Before getting started with Machine Learning: Online tutorials
This year I’m teaching a module on Applied Machine Learning with over a hundred students. The students come from very different backgrounds and may not be well prepared in advance to successfully complete this module. To get all students up to speed and level the field, I have compiled a list of online resources on three of the areas which are keys to become a successful Machine Learning practitioner: programming (Python), basic Mathematics and the usage of the command-line and virtual environments. In general, all these online courses and tutorials are suited for those interested in data science and machine learning. Moreover, most of these tutorials are short (i.e. they can be successfully completed in no more than a couple of weeks).
The main programming language for machine learning is Python. The advantage of Python with respect to other languages is twofold: it is easy to use for beginners and it contains many suitable machine learning libraries (e.g. scikit-learn, Keras or PyTorch) which can make your job much easier.
- Python Tutorial to Learn Data Science from Scratch: https://www.analyticsvidhya.com/blog/2016/01/complete-tutorial-learn-data-science-python-scratch-2/
- Python Data Science for Beginners: https://www.kdnuggets.com/2019/02/python-data-science-beginners.html
- Machine Learning Project in Python Step-By-Step: https://machinelearningmastery.com/machine-learning-in-python-step-by-step/
Machine learning is all about Mathematics. The good news is that you don’t need to be an expert in maths to be a competent machine learning practitioner. However, you should at least have a general knowledge of some areas (particularly linear algebra and probability/statistics) to be a successful one. Plus, it will also make your learning process much smoother.

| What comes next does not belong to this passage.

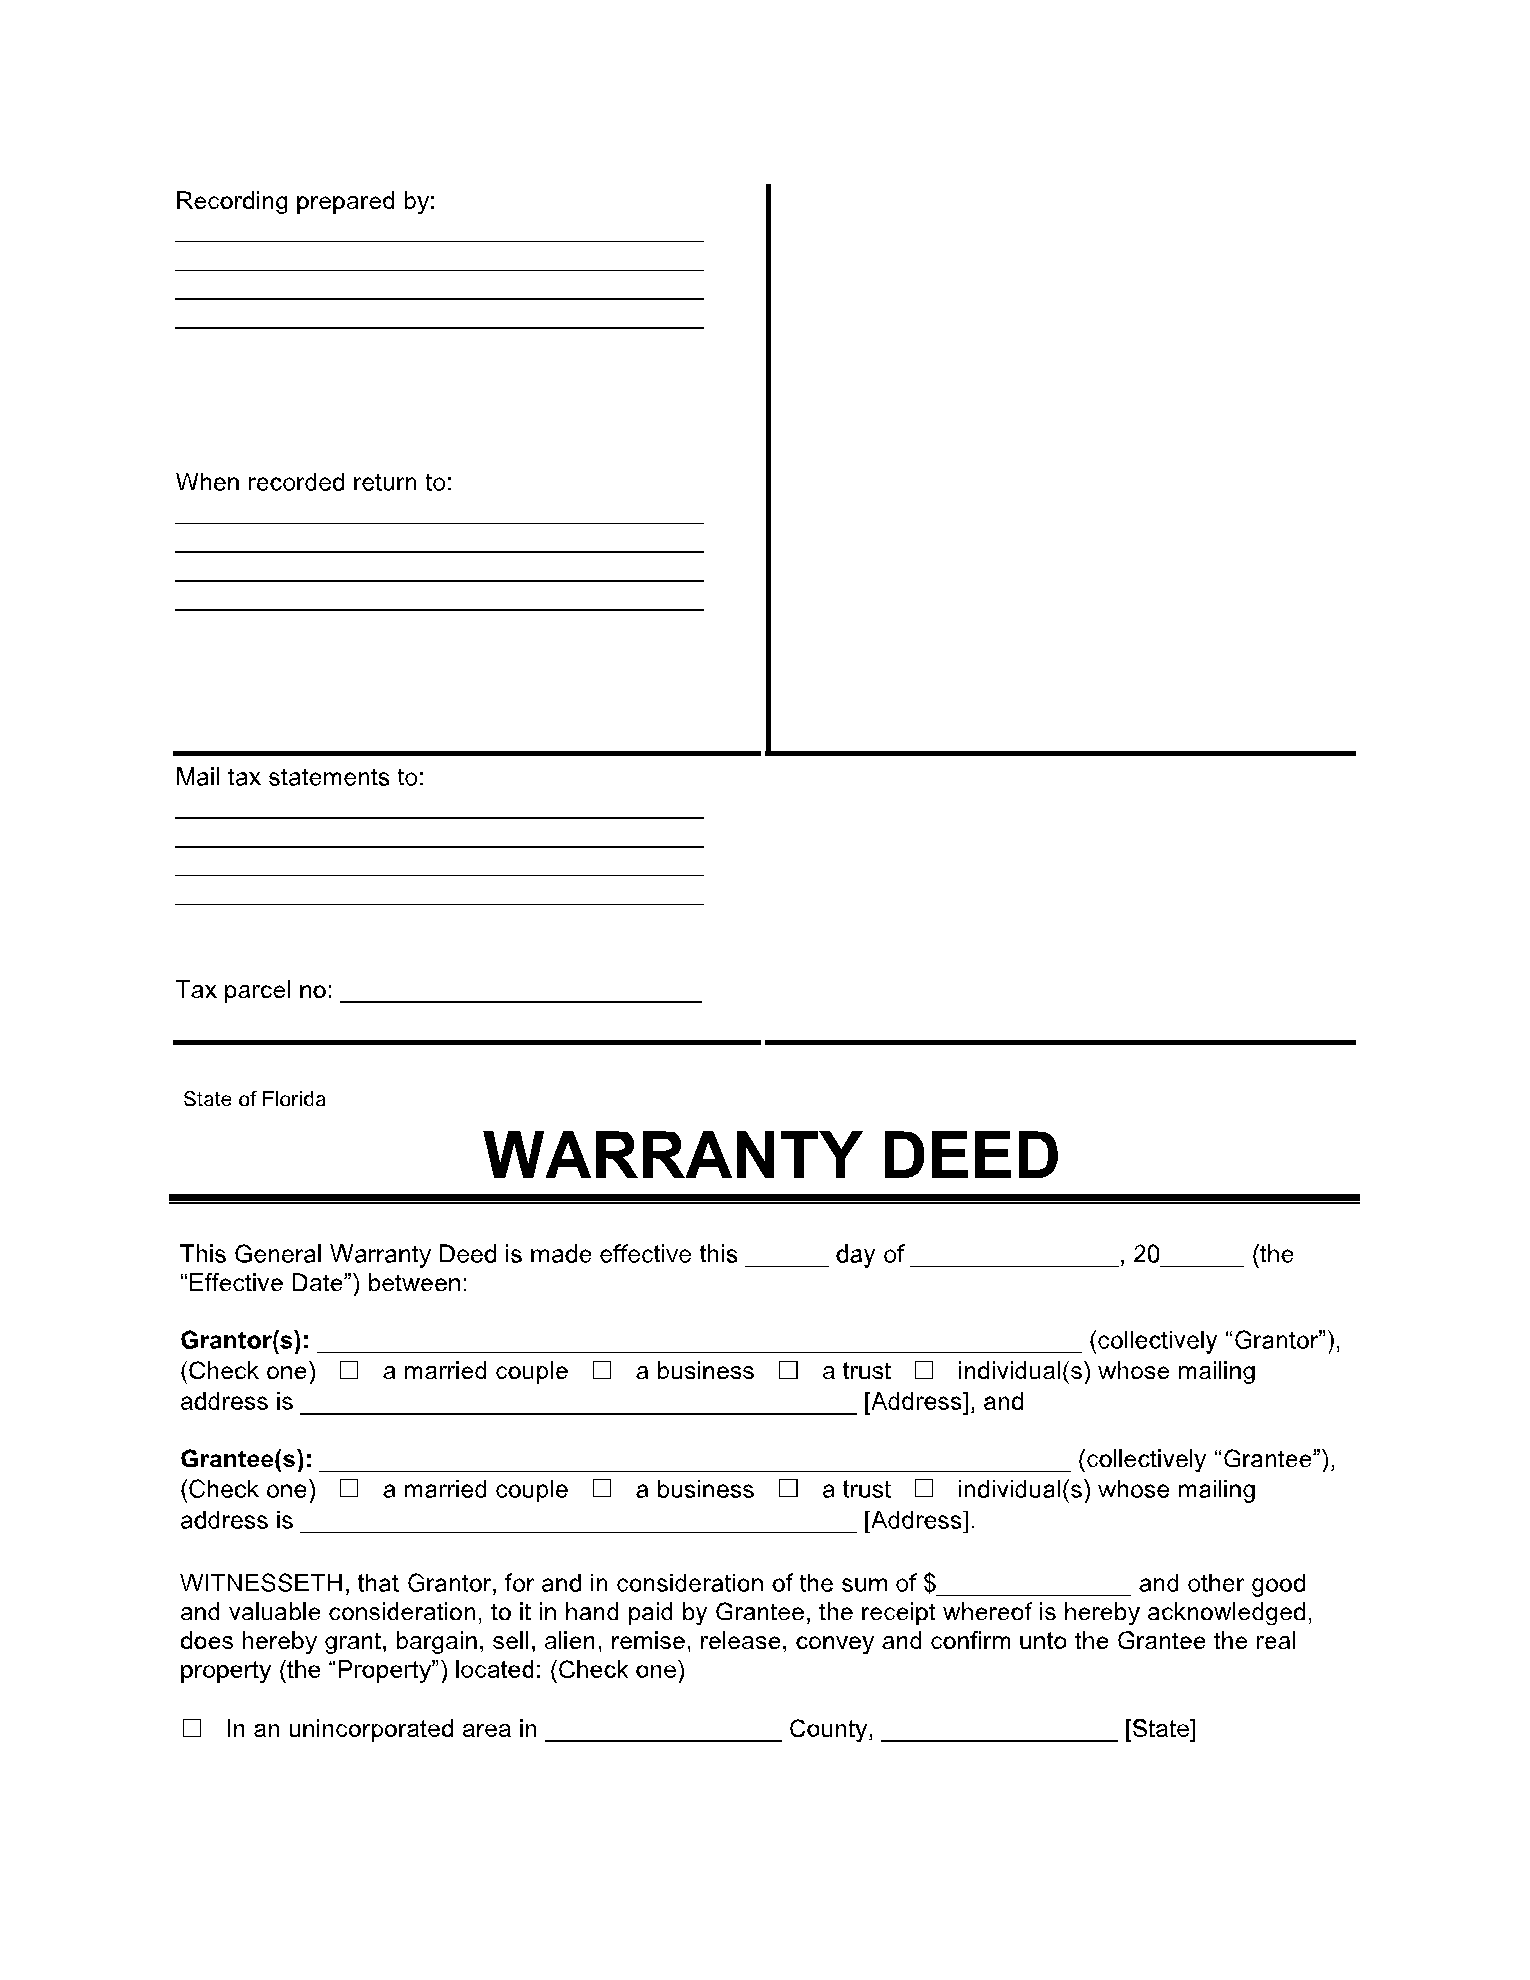 Florida General Warranty Deed Form 1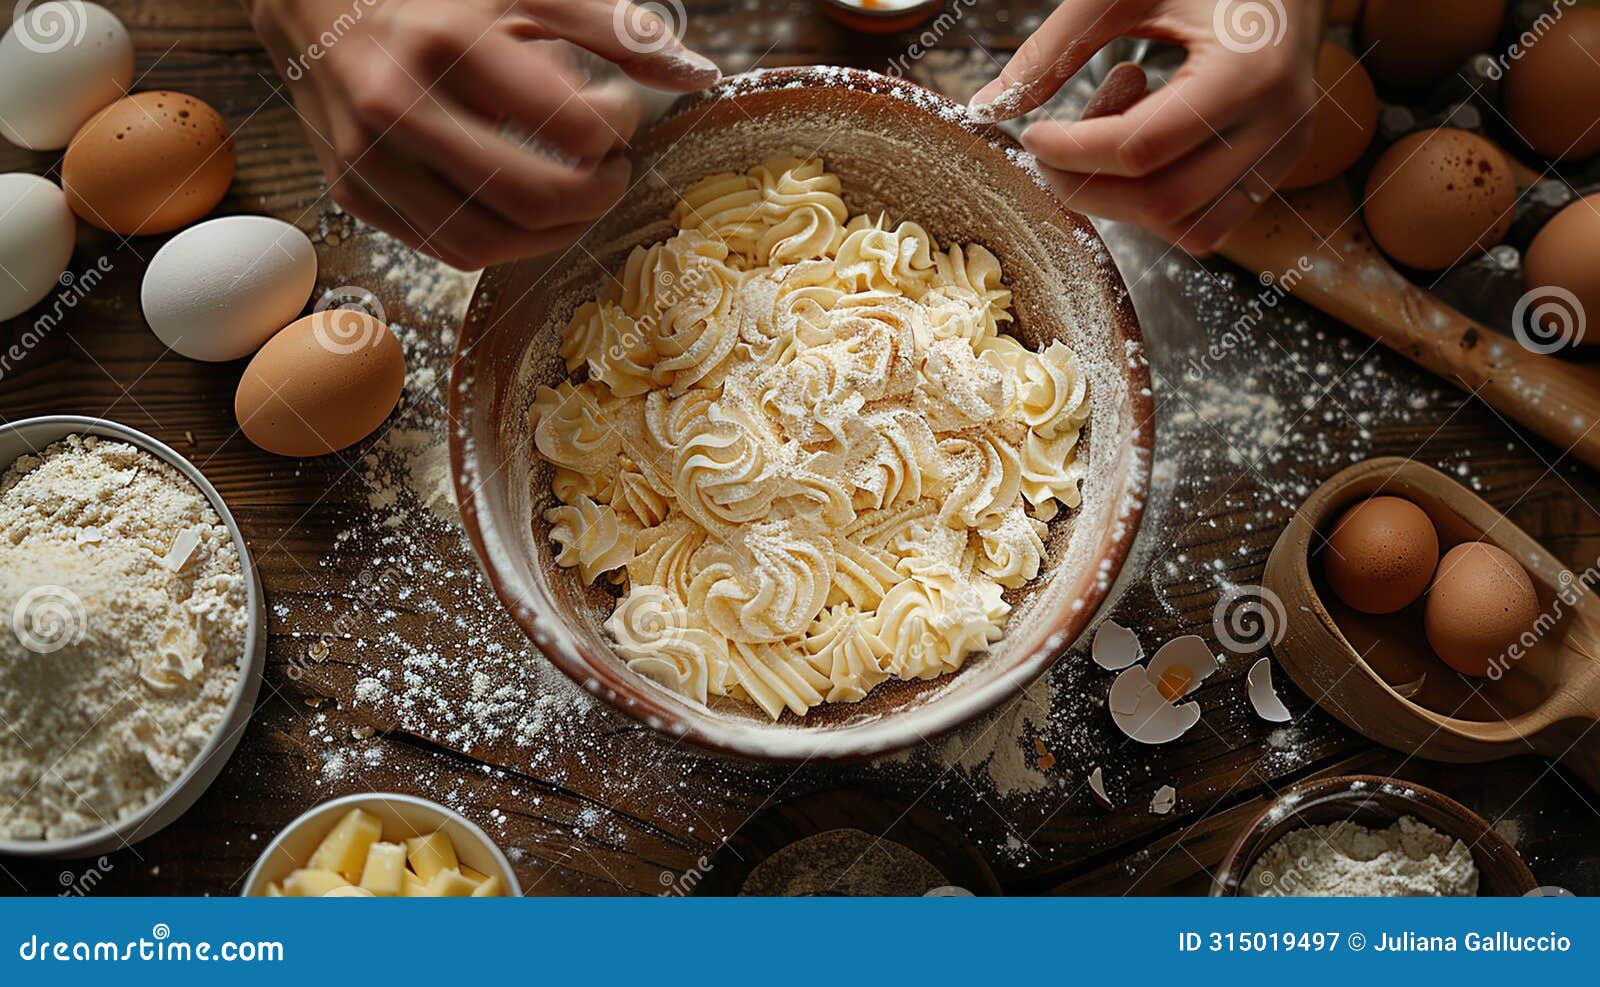 hands shaping homemade pasta

- Linear algebra for machine learning: https://machinelearningmastery.com/linear-algebra-machine-learning/
- Linear algebra for data scientist: https://www.analyticsvidhya.com/blog/2017/05/comprehensive-guide-to-linear-algebra/
- Linear algebra (full general course from MIT): https://ocw.mit.edu/courses/mathematics/18-06-linear-algebra-spring-2010/
Probability and statistics
- 10 Statistical Techniques Data Scientists Need to Master: https://www.kdnuggets.com/2017/11/10-statistical-techniques-data-scientists-need-master.html
- Probability and Statistics (full general course from Stanford): https://online.stanford.edu/courses/gse-yprobstat-probability-and-statistics
Terminal and Virtual Environments
While it is not crucial to dominate your operating system, it is very useful to be able to use the command line (terminal) to quickly inspect data files and perform basic operations on them. The following tutorials are based on Linux, which is the most widely used operating system for machine learning. Similarly, working with virtual environments is not essential but enable you to keep track of the versions and dependencies required by different projects. Also, depending on your working conditions and administrator rights, you may be forced to use virtual environments in your projects.
- Linux command line for beginners: https://tutorials.ubuntu.com/tutorial/command-line-for-beginners#6
- How to Start Using the Linux Terminal: https://www.howtogeek.com/140679/beginner-geek-how-to-start-using-the-linux-terminal/
- Five Command Line Tools for Data Science (advanced): https://towardsdatascience.com/five-command-line-tools-for-data-science-29f04e5b9c16
Virtual environments (Python)
- Python Virtual Environments, a Primer: https://realpython.com/python-virtual-environments-a-primer/
- Pipenv & Virtual Environments: https://docs.python-guide.org/dev/virtualenvs/
This list is by no means exhaustive, and I would appreciate any suggestion of similar online tutorials in the comments!